Saturday, January 19, 2008


Last month when I described a rather odd chocolate bar and its even odder product insert, I promised to follow up once the product had been both eaten and researched.

Just to refresh our memories, this was basically a large chocolate bar made of nothing but chocolate, hemp seeds and almonds. The strange thing about it was that it made a pretty amazing number of health and happiness claims, all of them in 10-point type on a full sheet of paper. That kind of thing, you will recall, lead me to think that it's more of a proselytizing effort than a food source. One of the claims was that one half to a complete chocolate bar should be eaten for breakfast, after which you probably won't need to eat again for quite a while, ergo you will lose weight.

Reader, we ate it. It was absolutely impossible for either of us--generally considered "healthy eaters"--to eat as much as a half of it at one sitting. Hemp seed, I should have remembered from many delicious meals at the table of the Chocolate Lady, sticks to the ribs. I have no doubt if you managed to eat a whole one of these babies you could do without food for much of the day. You might need to take a long nap also. We each ate, for example, a quarter of the chocolate bar before going to the gym, where we worked out for more than an hour, then came home and didn't eat another meal for several more hours. So the first claim, one made by implication, that it is very filling: check.

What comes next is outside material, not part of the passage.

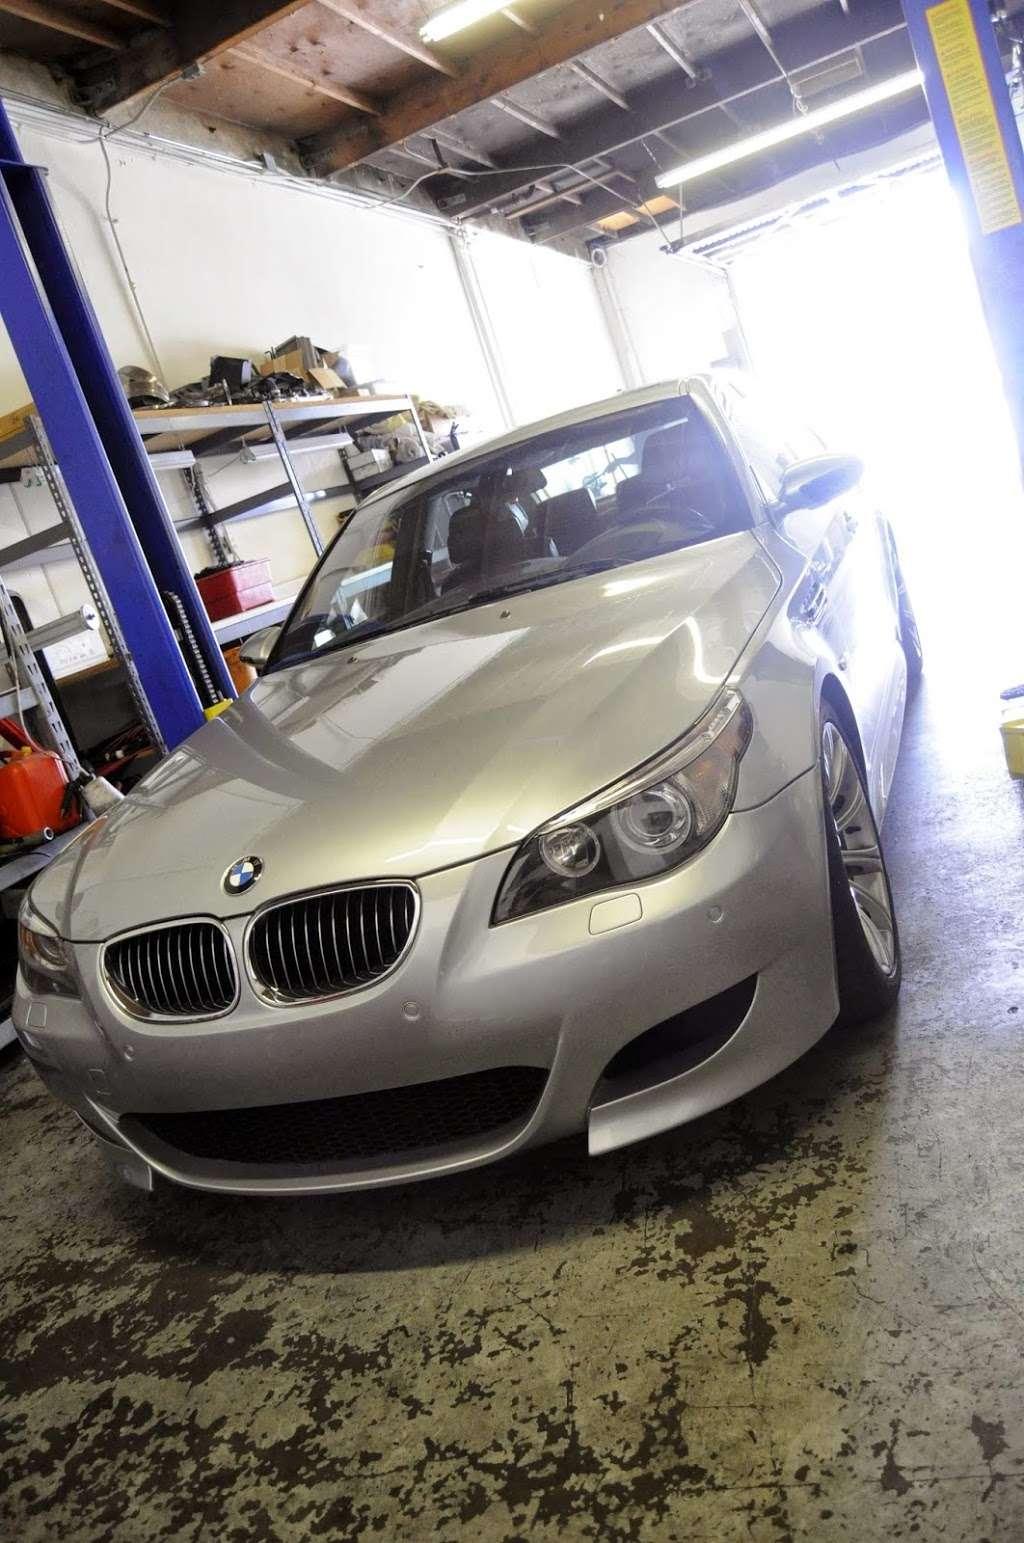 SMS European - car repair  | Photo 9 of 10 | Address: 5842 McFadden Ave, Suite A, Huntington Beach, CA 92649, USA | Phone: (714) 889-6553

Also important to note: quite good tasting.

Will it help you lose weight? Well, it's 1220 calories, which is well more than my usual breakfast and lunch put together. It's possible it is filling enough, if you can choke the whole thing down, to make dinner virtually unnecessary. But it would be just as effective to simply make it a habit to eat a salad for dinner every night.

The second half of my research, into the potential cult-status of the manufacturer, has met further frustration. The business librarian at work helped me search a few databases of Canadian companies. Apparently privately-held companies are not really required to give much information about themselves to anyone. We did not find them listed. We tried to find information regarding their Nutritional Health Claims license number (that's the license that allows them to claim the product cures diabetes and celiac disease) but couldn't get even a mailing address. The company identification number, 299614 Alberta Ltd., gave me the only real insight. One of the things I found was this:

Well, you don't have to click on that link to see what it's about. The comment left by a few of our readers made a joke about hemp. But perhaps they were all too right. Maybe it's not a cult, just a company with a second product line they'd rather keep out of the limelight. Which might mean the writing style, which I took for an excess of religious enthusiasm, could be nothing more than what happens when you let a stoner write your PR.


Ozzie Sister said...

I wonder why the picture at the top does not show the most famous product?

FJ said...

Perhaps it falls into the category of body care products?

the chocolate lady מרת שאקאלאד said...

The trouble with hemp advocacy is that you get lumped with the whole package.